The correlation between Alcohol Use and Stress is extremly low. The two are unrelated

Q8: Is there a significant difference in the average number of drinks per week between students of different genders?

cor(sleep$Drinks, sleep$Gender, use = "complete.obs")
## [1] 0.3961698
hist(sleep$Drinks, main= "Number of Drinks per Week", xlab="Number of Drinks", ylab= "Students")

hist(sleep$Gender, main="Gender", xlab="Female                                                                    Male", ylab="Students")

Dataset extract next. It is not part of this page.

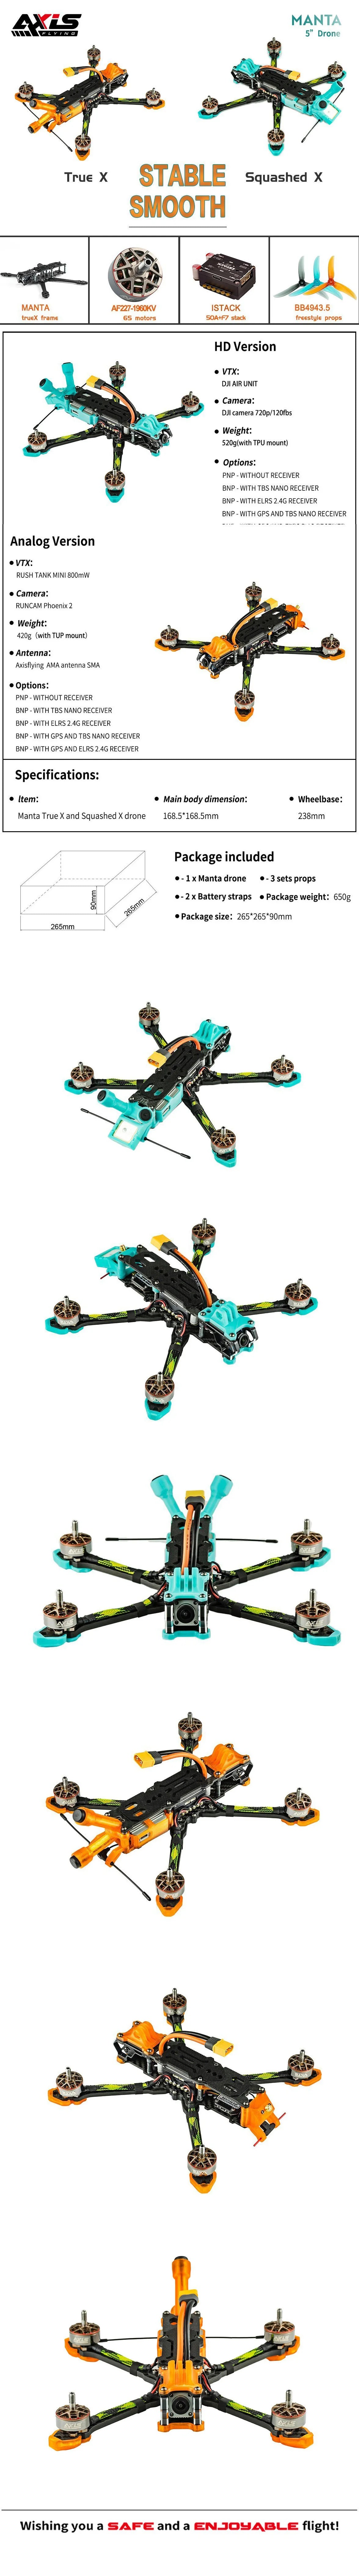 Axisflying MANTA5", Manta True Xand Squashed drone 168.5*168.5mm 238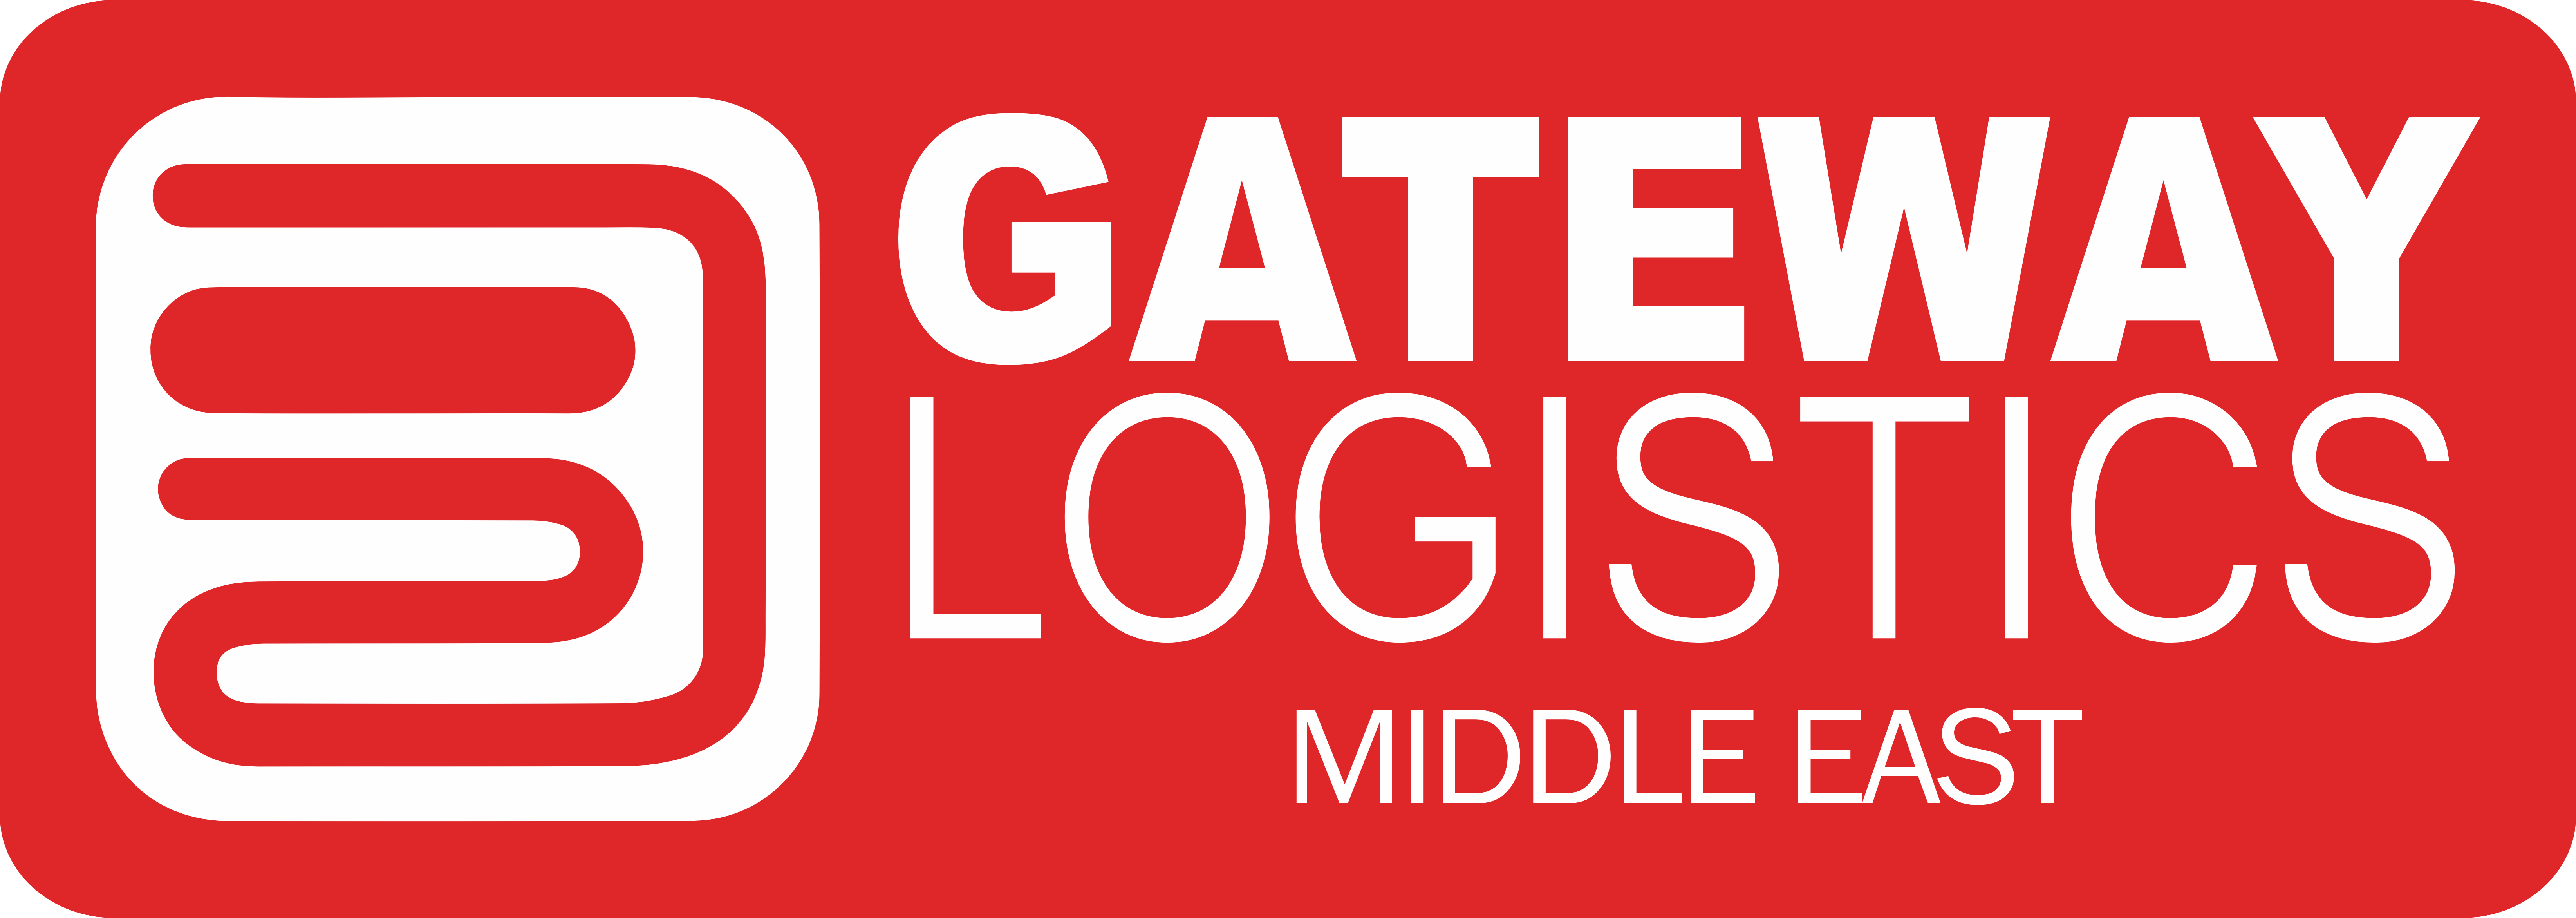 Gateway Logistics Middle East

There is a moderate positive correlation between the number of drinks per week and gender. ### Q9: Is there a significant difference in the average weekday bedtime between students with high and low stress (Stress=High vs. Stress=Normal)?

cor(sleep$WeekdaySleep, sleep$StressScore)
## [1] -0.09220388
hist(sleep$WeekdaySleep, main="Average Hours of Sleep on Weekdays", ylab="Students", xlab= "Hours of Sleep")

hist(sleep$StressScore, main= "Amount of Stress", xlab="Stress Score", ylab="Students")

The correlation between weekday bedtime and students with high and low stress is low. The time you go to bed doesn’t affect ones stress too much.

Q10: Is there a significant difference in the average hours of sleep on weekends between first two year students and other students?

cor(sleep$WeekdayBed, sleep$ClassYear)
## [1] -0.002674365
hist(sleep$WeekdayBed, main= "Average Weekday Bedtime", ylab="Students", xlab="Time(24 is Midnight)")

hist(sleep$ClassYear, main="Year of Schooling", xlab="Year", ylab="Students")

There is no correlation between sleep on the weekends and the year of schooling you’re in. The correlation is very close to zero.